You find many more metrics here:https://docs.scipy.org/doc/scipy/reference/spatial.distance.html

In [3]:
cd ml-latest-small/

[Errno 2] No such file or directory: 'ml-latest-small/'
/Users/stefan/Documents/euclidean-eukalyptus/euclidean-eukalyptus-student-code/week_10/notebooks


In [4]:
ls

exploratory_analysis_worksheet.ipynb    nmf_recommender.pkl
matrix_factorization_filled.ipynb       recommender_systems_intro_filled.ipynb
neighborhood_based_filtering.ipynb


In [6]:
ratings = pd.read_csv('../data/ml-latest-small/ratings.csv')
movies = pd.read_csv('../data/ml-latest-small/movies.csv')
ratings.head()


Unnamed: 0,userId,movieId,rating,timestamp
0,1,1,4.0,964982703
1,1,3,4.0,964981247
2,1,6,4.0,964982224
3,1,47,5.0,964983815
4,1,50,5.0,964982931


In [7]:
# movies liked by our test user
movies.set_index('movieId').loc[example_query.keys()]

Unnamed: 0_level_0,title,genres
movieId,Unnamed: 1_level_1,Unnamed: 2_level_1
4470,Ariel (1988),Drama
48,Pocahontas (1995),Animation|Children|Drama|Musical|Romance
594,Snow White and the Seven Dwarfs (1937),Animation|Children|Drama|Fantasy|Musical
27619,"Lion King 1½, The (2004)",Adventure|Animation|Children|Comedy
152081,Zootopia (2016),Action|Adventure|Animation|Children|Comedy
595,Beauty and the Beast (1991),Animation|Children|Fantasy|Musical|Romance|IMAX
616,"Aristocats, The (1970)",Animation|Children
1029,Dumbo (1941),Animation|Children|Drama|Musical


---
## 1. Model Development

### Preprocessing (same as for the NMF model!)

- filter out movies rated by less than 20/ 50 / 100 ... users
- filter out movies with an average rating lower than 2
- create a sparse user item matrix

In [8]:
# place a utils.py in the same folder as the notebook
# from utils import ratings, get_ratings_matrix

# R = get_ratings_matrix(ratings)

In [9]:
# calculate the number of ratings per movie
ratings_per_movie = ratings.groupby('movieId')['rating'].count()
# filter for movies with more than 20 ratings and extract the index
popular_movies = ratings_per_movie.loc[ratings_per_movie>30]
# filter the ratings matrix and only keep the popular movies
ratings = ratings.loc[ratings['movieId'].isin(popular_movies.index)]

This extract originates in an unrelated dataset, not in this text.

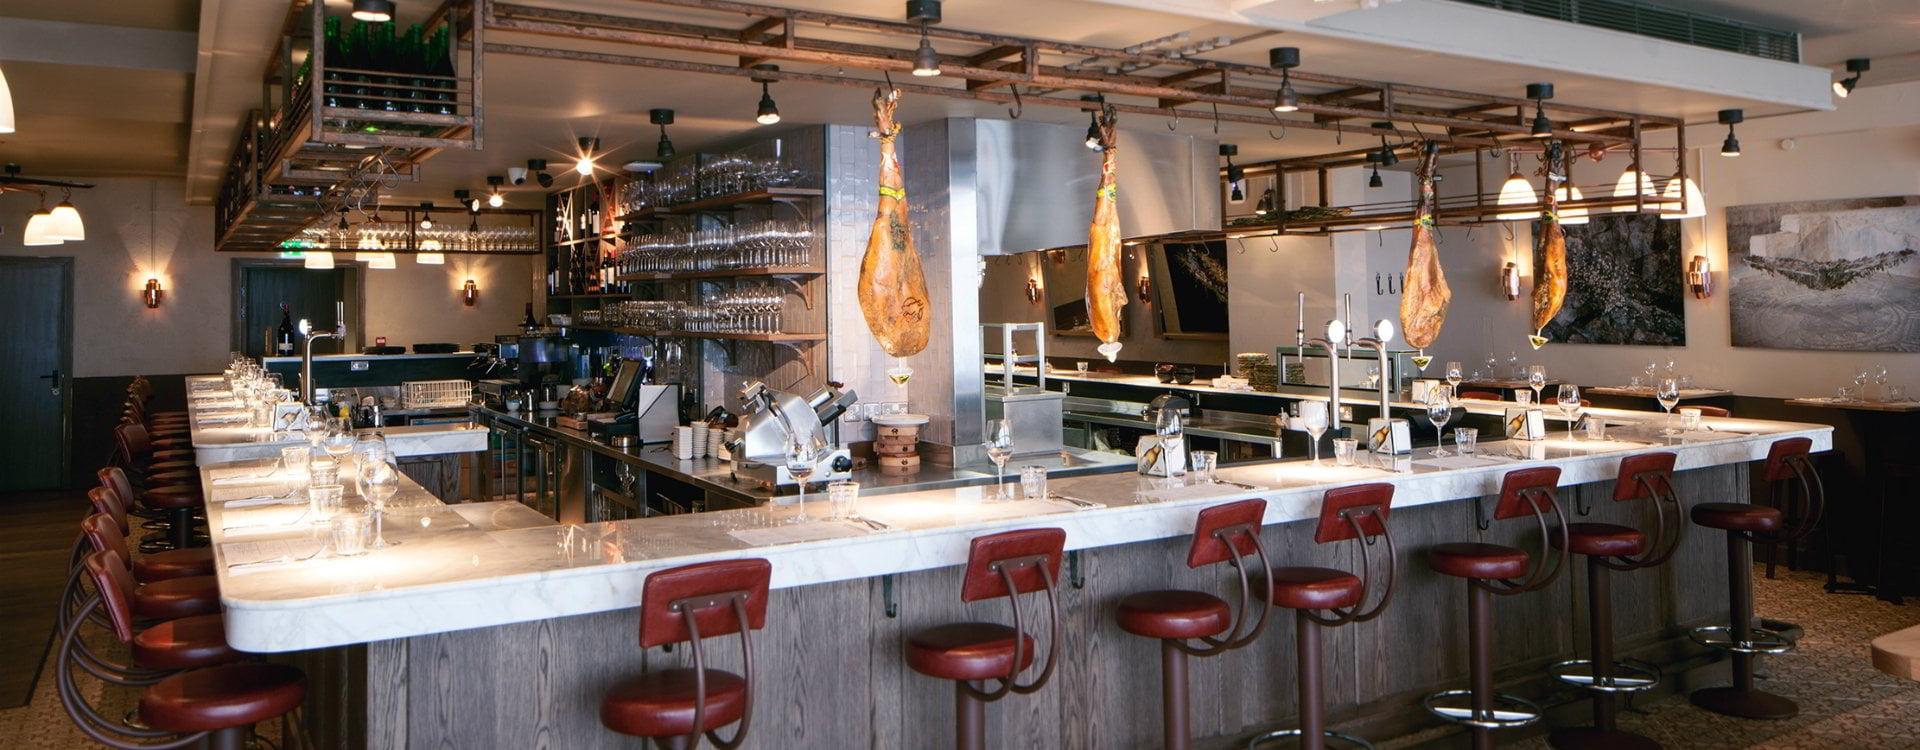 Morada Brindisa Asador Spanish Fare Roasted Over Charcoal Inside An Open Kitchen

# Initialize a sparse user-item rating matrix
# (data, (row_ind, col_ind)
R = csr_matrix((ratings['rating'],(ratings['userId'],ratings['movieId'])))


In [10]:
R

<611x152082 sparse matrix of type '<class 'numpy.float64'>'
	with 57358 stored elements in Compressed Sparse Row format>

### Training (new!)

- initialize the model: pick a distance metric
- fit it to the user item matrix: only stores the data and doesn't do further. all the calculations take place later!

In [11]:
# which metrics can we use for sparse matrics?
sorted(sklearn.neighbors.VALID_METRICS_SPARSE['brute'])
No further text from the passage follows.